(Beginning of Information provided)

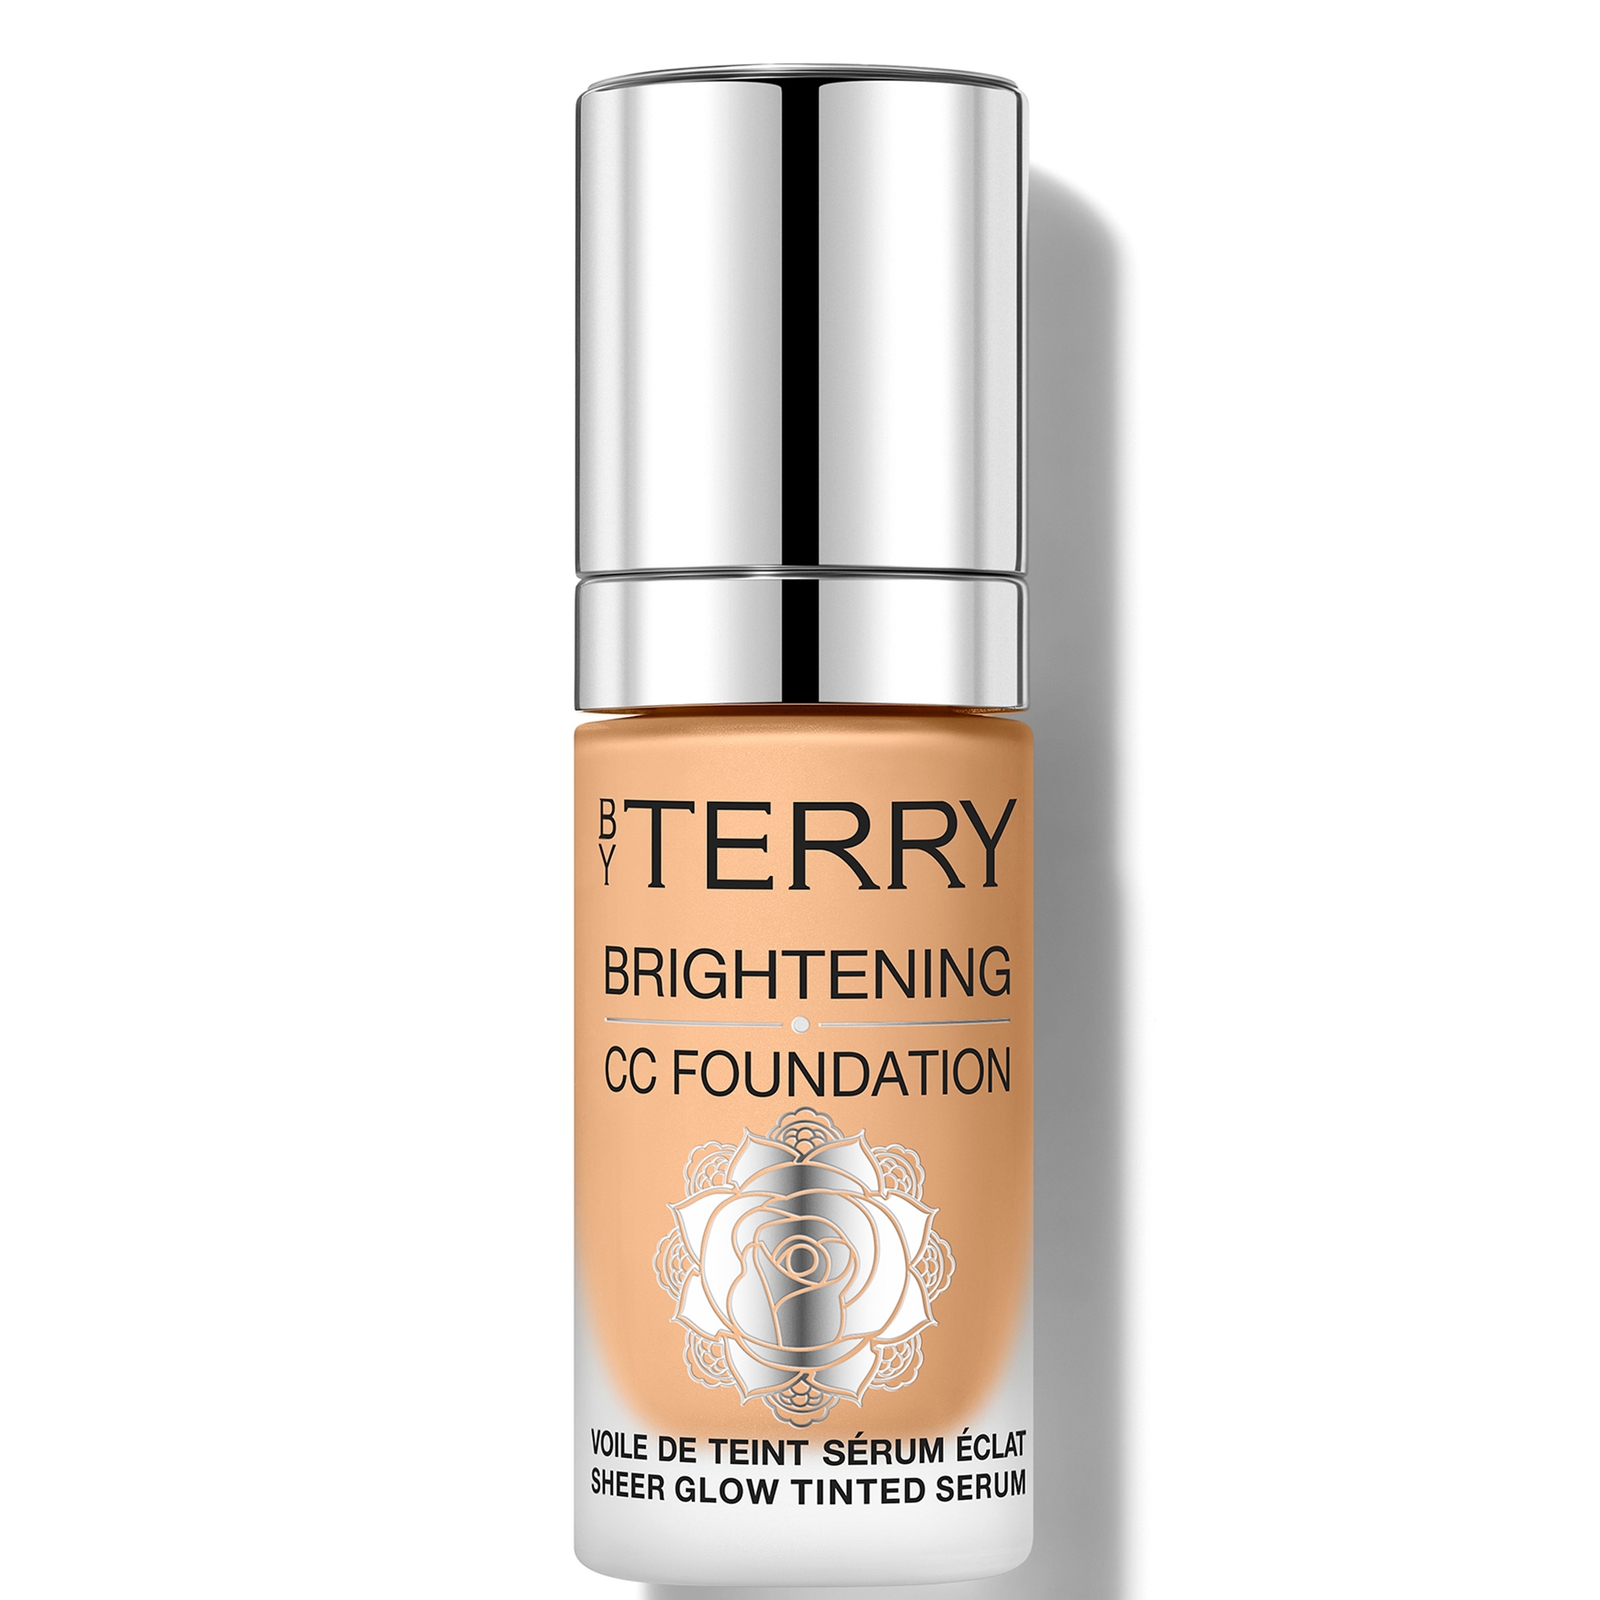 By Terry Brightening Cc Foundation 30ml (various Shades) - 5c - Medium Tan Cool In White
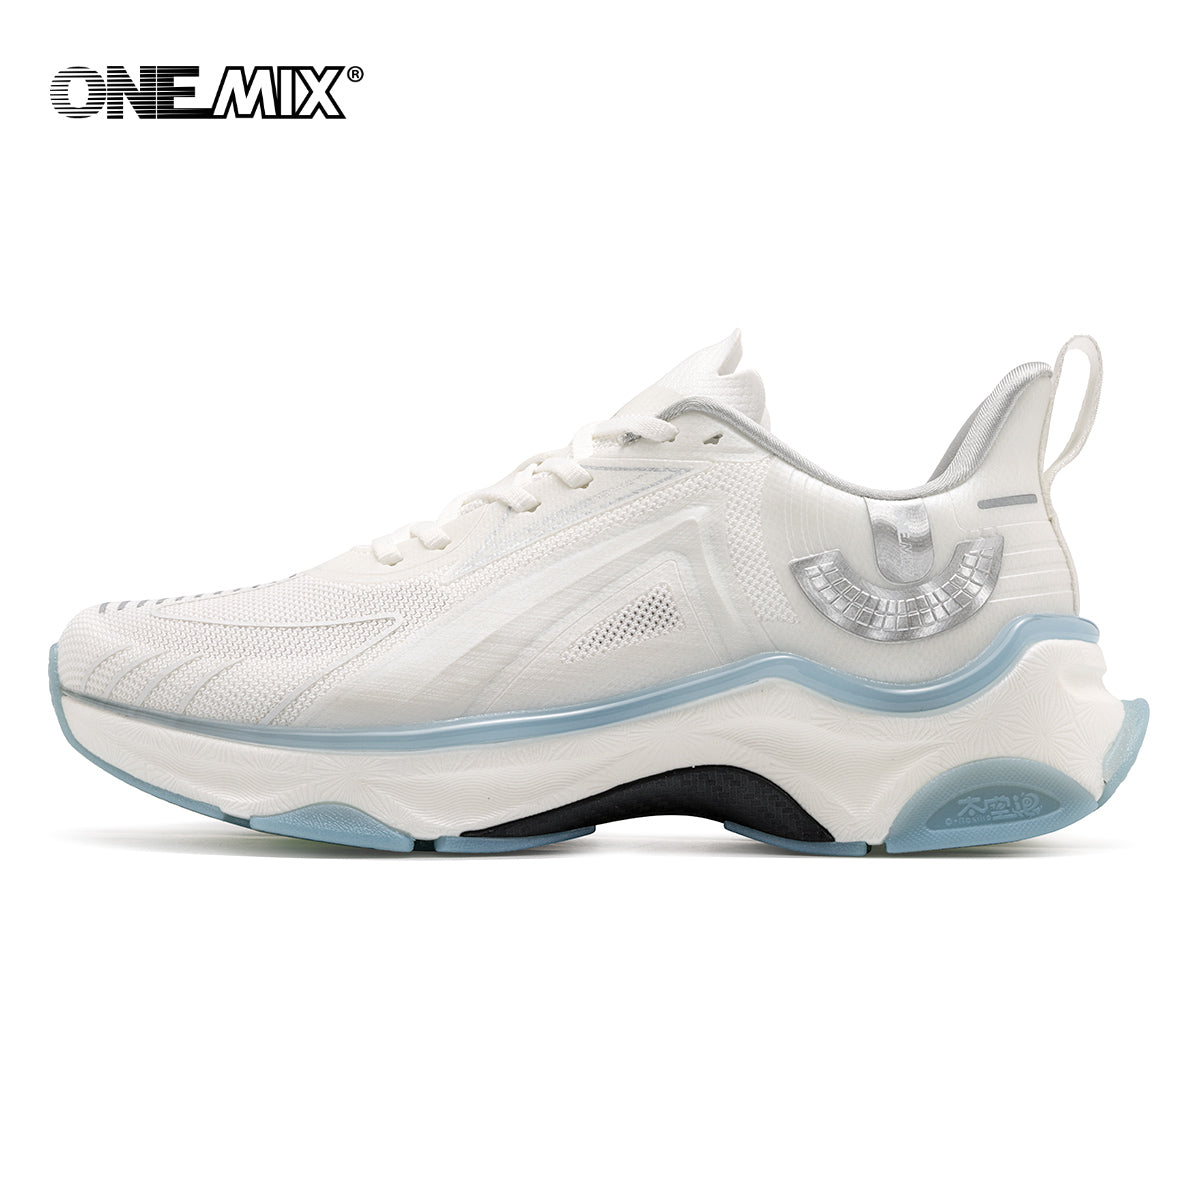 ONEMIX Breathable Lightweight Double-Structure Shock Absorber Race Running Shoes - Plantar Fasciitis Pain Relief
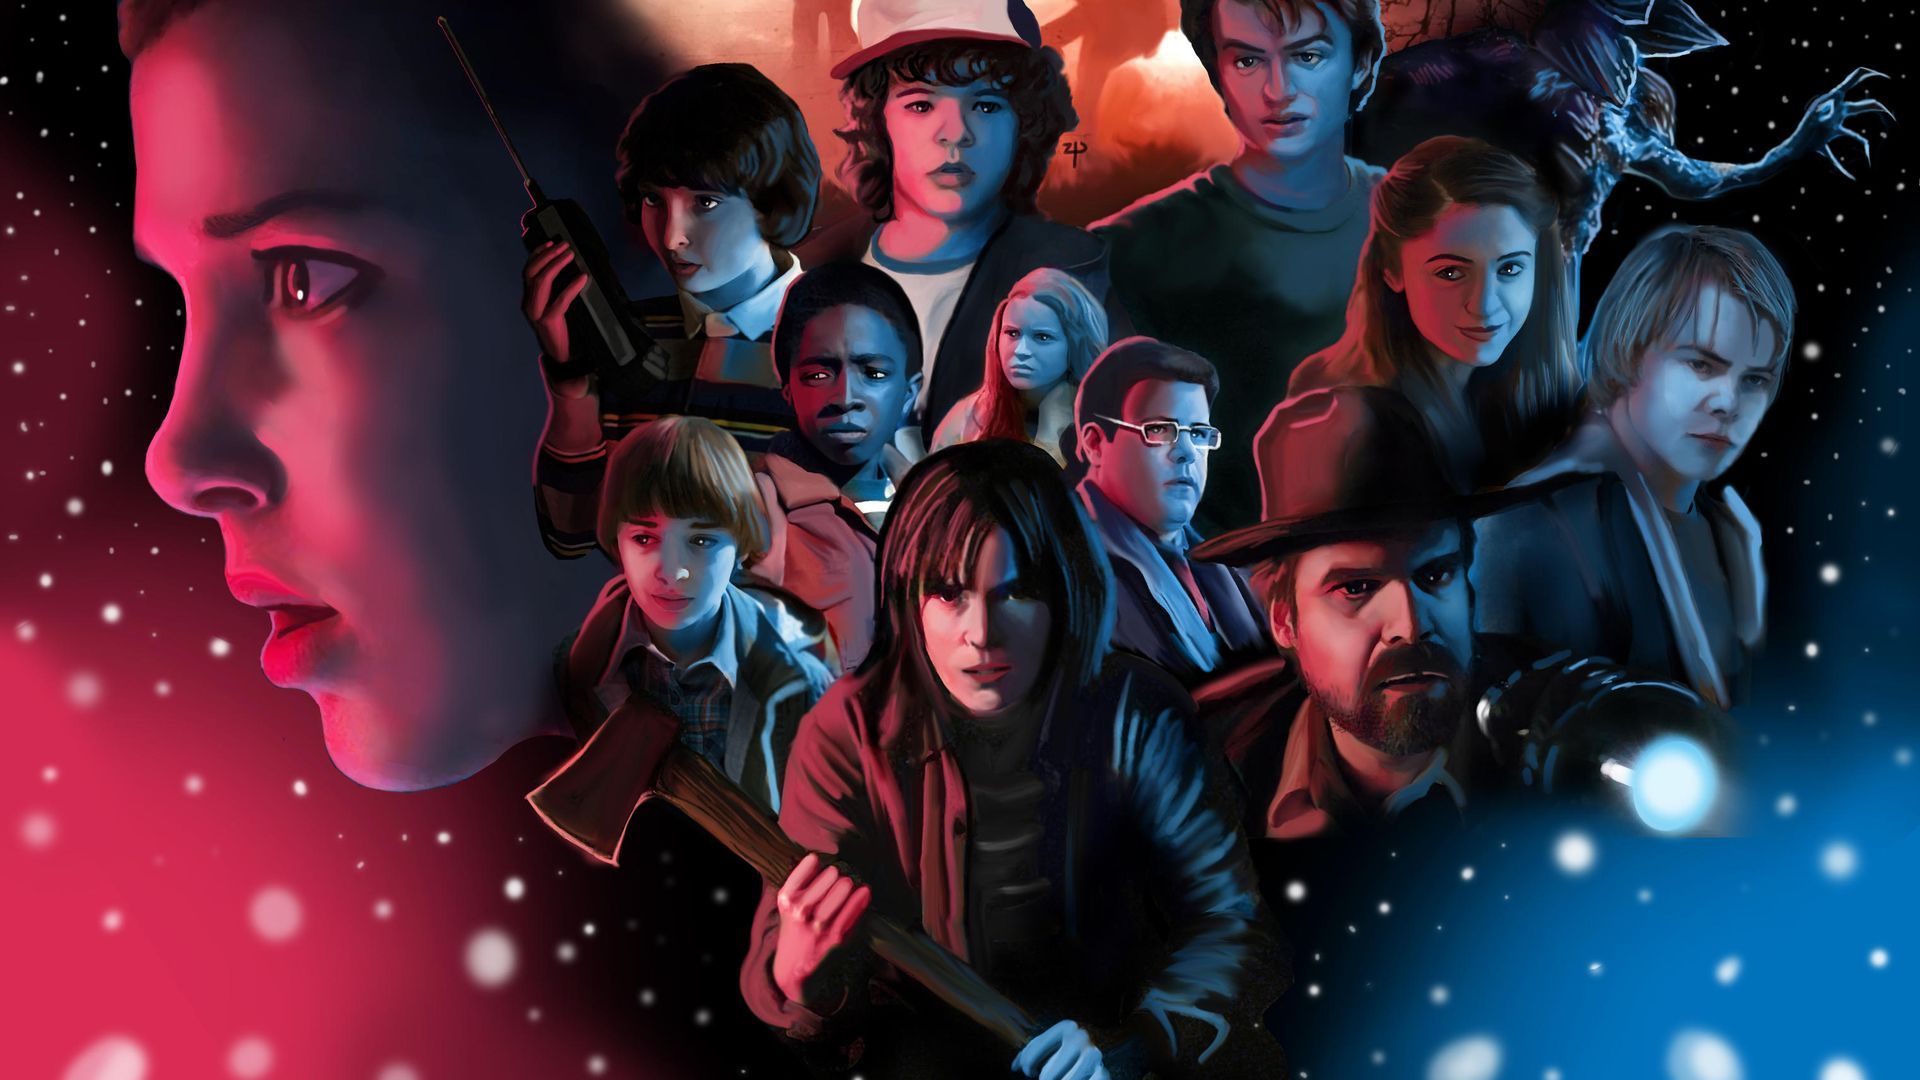 Stranger things 3, The Game review (A 2D Game). Stranger things
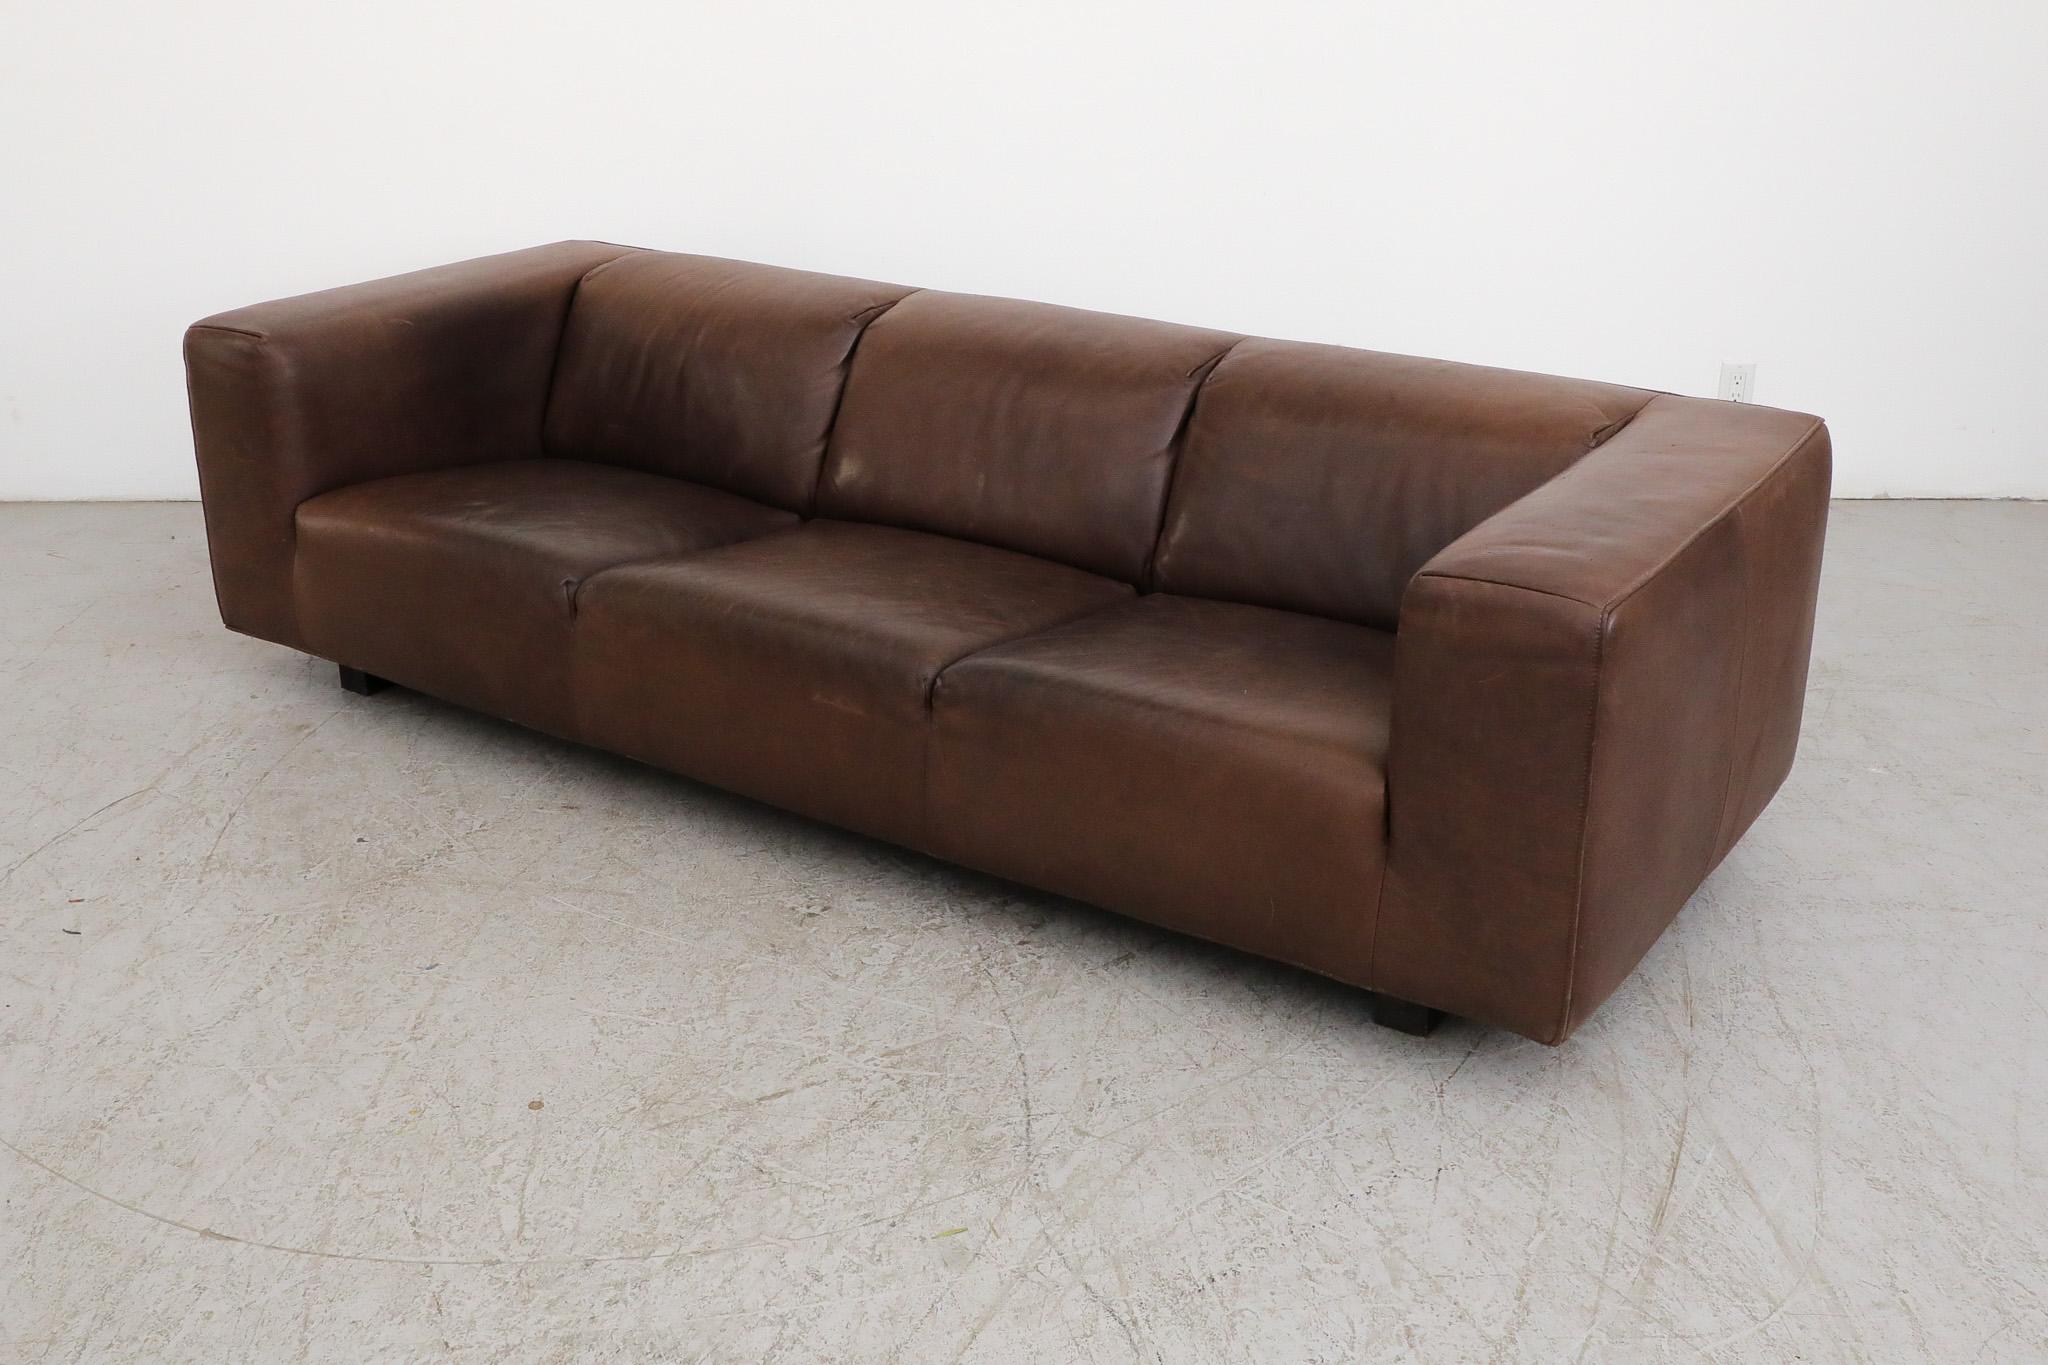 Mid-Century Brown Leather 'Bommel' Sofa by Gerard van den Berg for LABEL, 1985 In Good Condition For Sale In Los Angeles, CA

(End of Information provided)

Task requirements :: Begin with the line that contains "ONEMIX Breathable Lightweight" and repeat every line through the end of the data, exactly and only those lines, leaving out the pictures.

Solution to this problem ::
 ONEMIX Breathable Lightweight Double-Structure Shock Absorber Race Running Shoes - Plantar Fasciitis Pain Relief
 Stranger things 3, The Game review (A 2D Game). Stranger things
 Mid-Century Brown Leather 'Bommel' Sofa by Gerard van den Berg for LABEL, 1985 In Good Condition For Sale In Los Angeles, CA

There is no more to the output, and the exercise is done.